→ **WHAT THE TASK REQUIRES**
Take the line containing "HD Metal Prints Landscape DIN / ISO" and all lines after it, through the end of the material, and repeat them exactly, pictures left out.

→ **DATA EXTRACT**
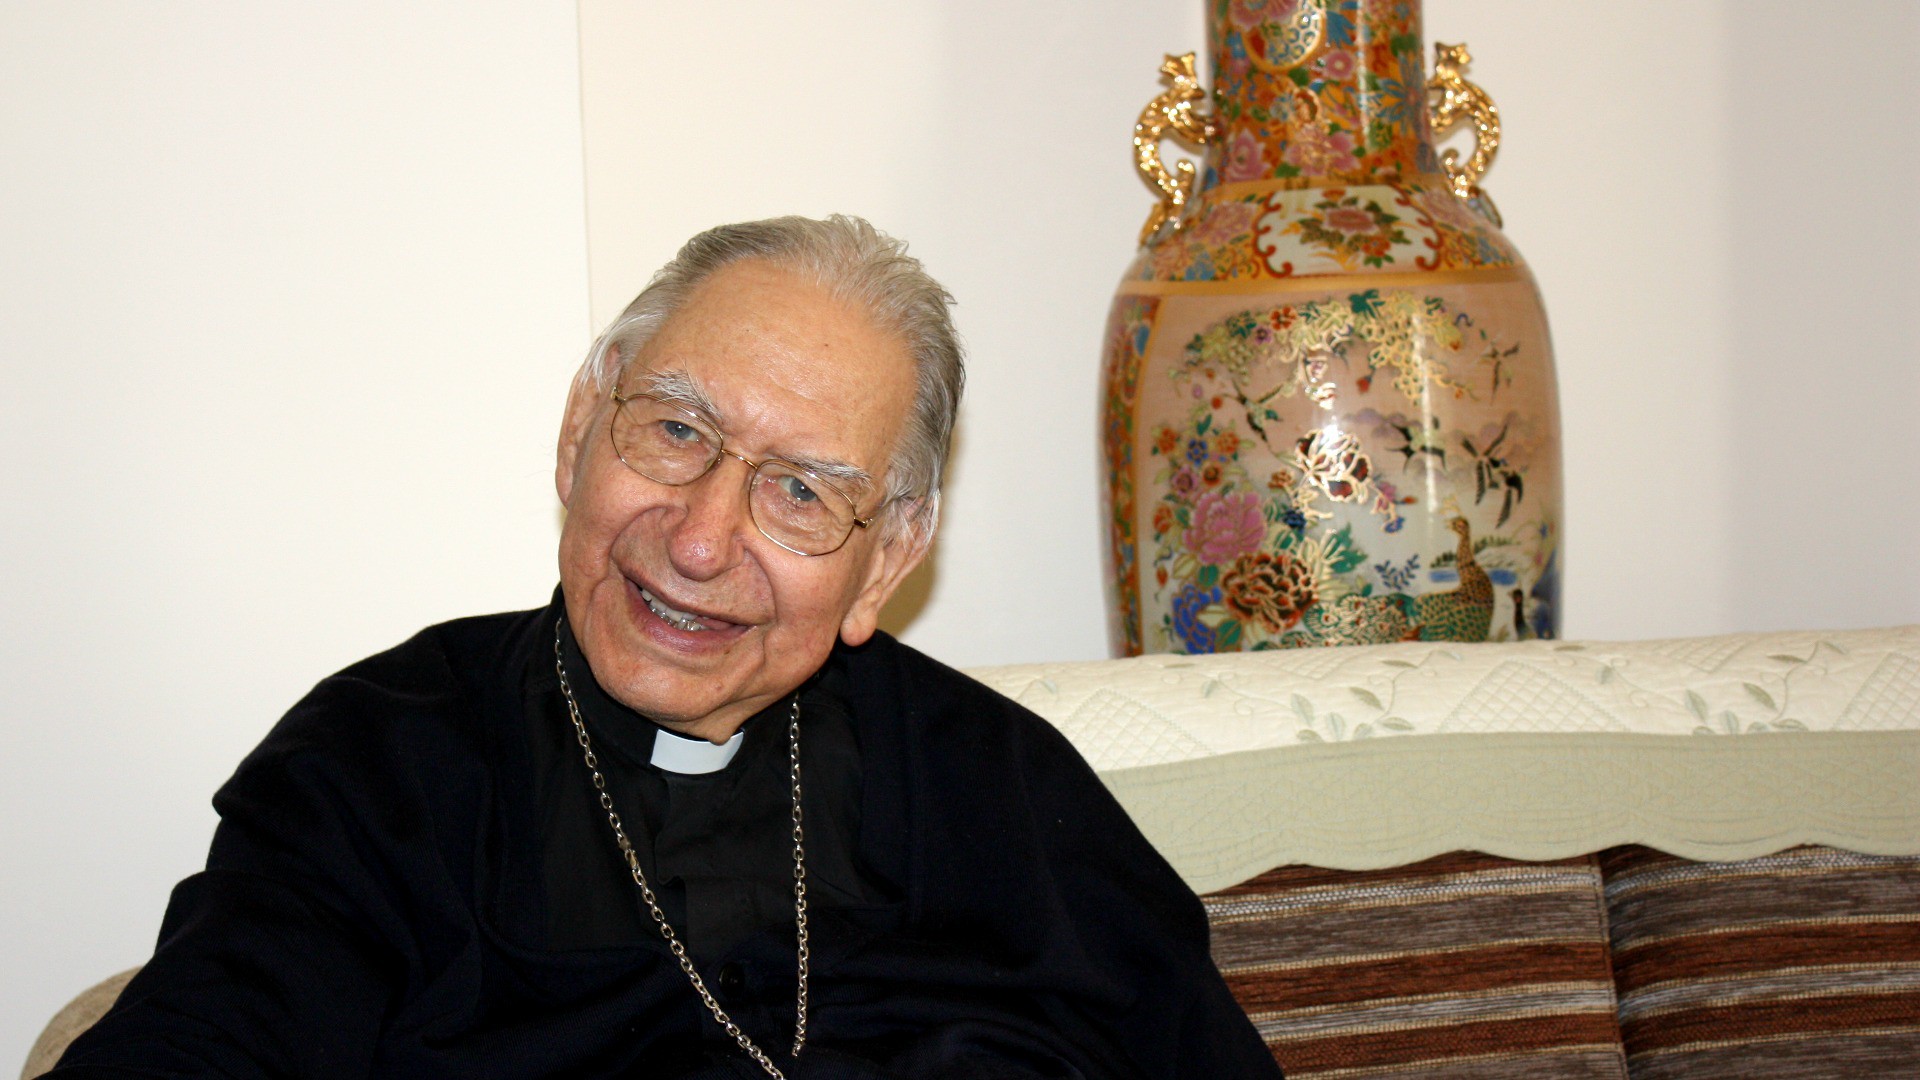 Le cardinal Georges Cottier se réjouit de la prochaine Année sainte de la Miséricorde (Photo:Bernard Bovigny, 2010)
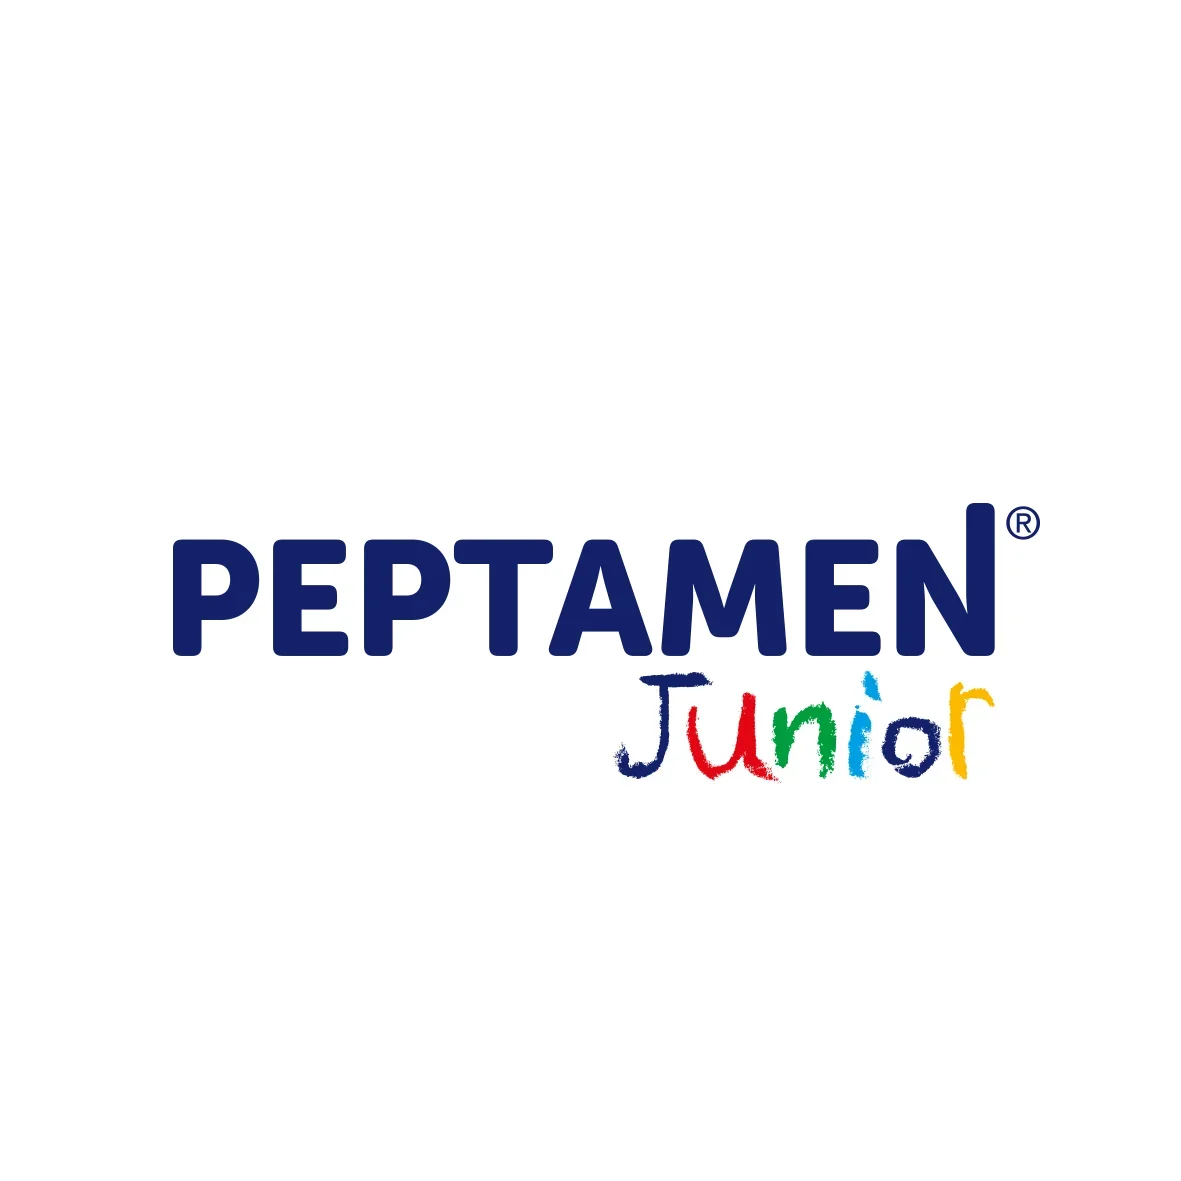 Peptamen® Junior logo
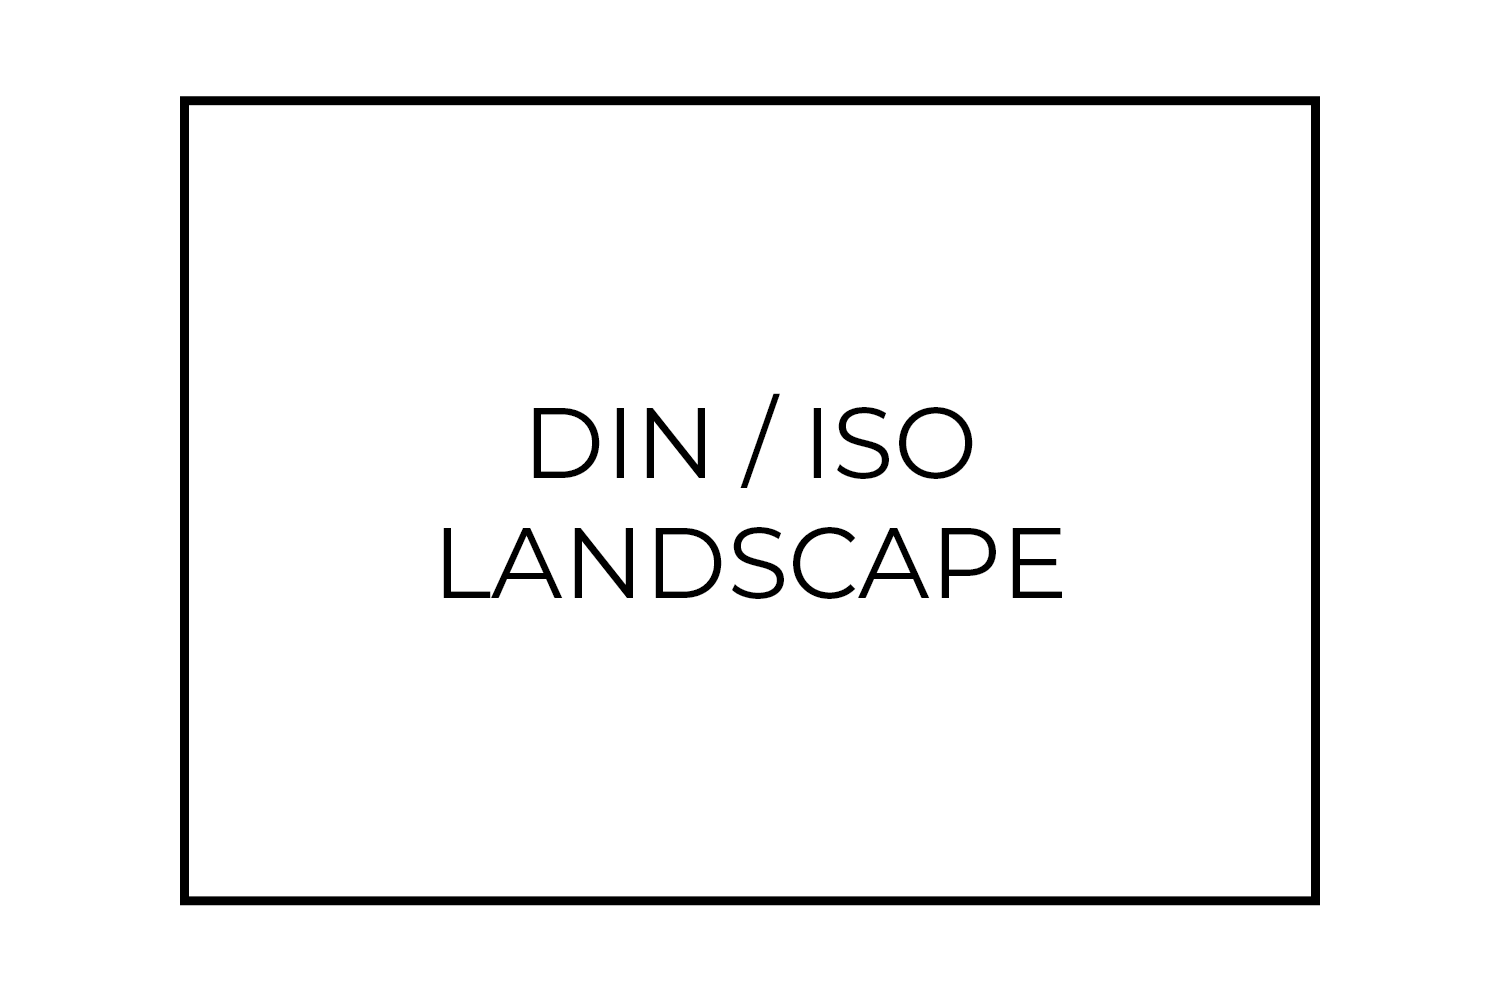 HD Metal Prints Landscape DIN / ISO
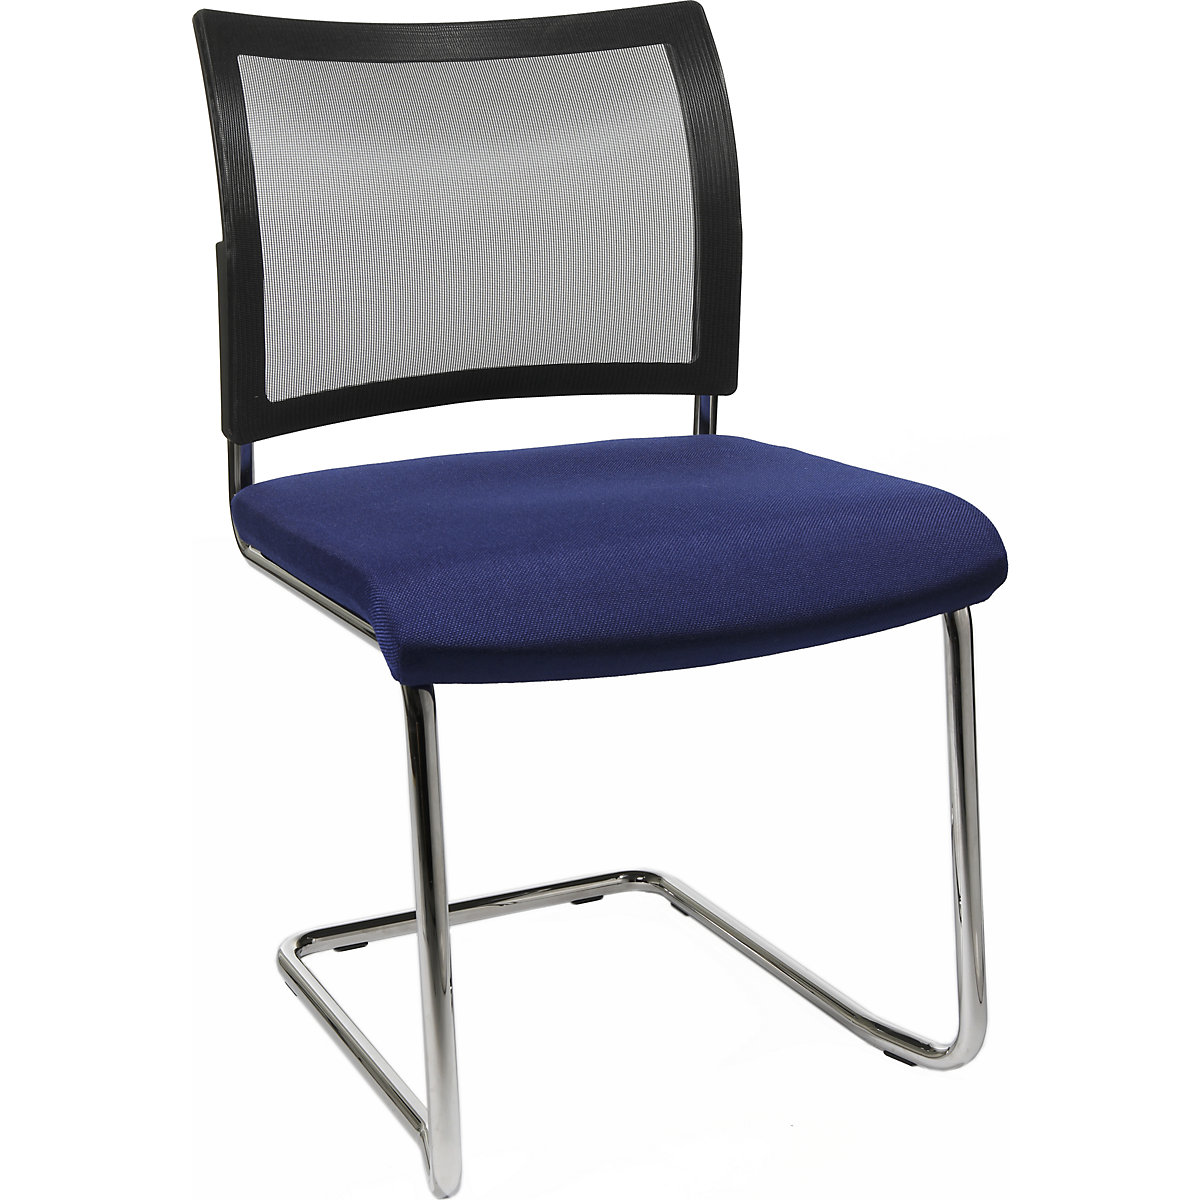 Silla para visitas, apilable – Topstar, silla oscilante, respaldo reticulado, UE 2 unid., azul-7

→ **OUTPUT**
 HD Metal Prints Landscape DIN / ISO
 Silla para visitas, apilable – Topstar, silla oscilante, respaldo reticulado, UE 2 unid., azul-7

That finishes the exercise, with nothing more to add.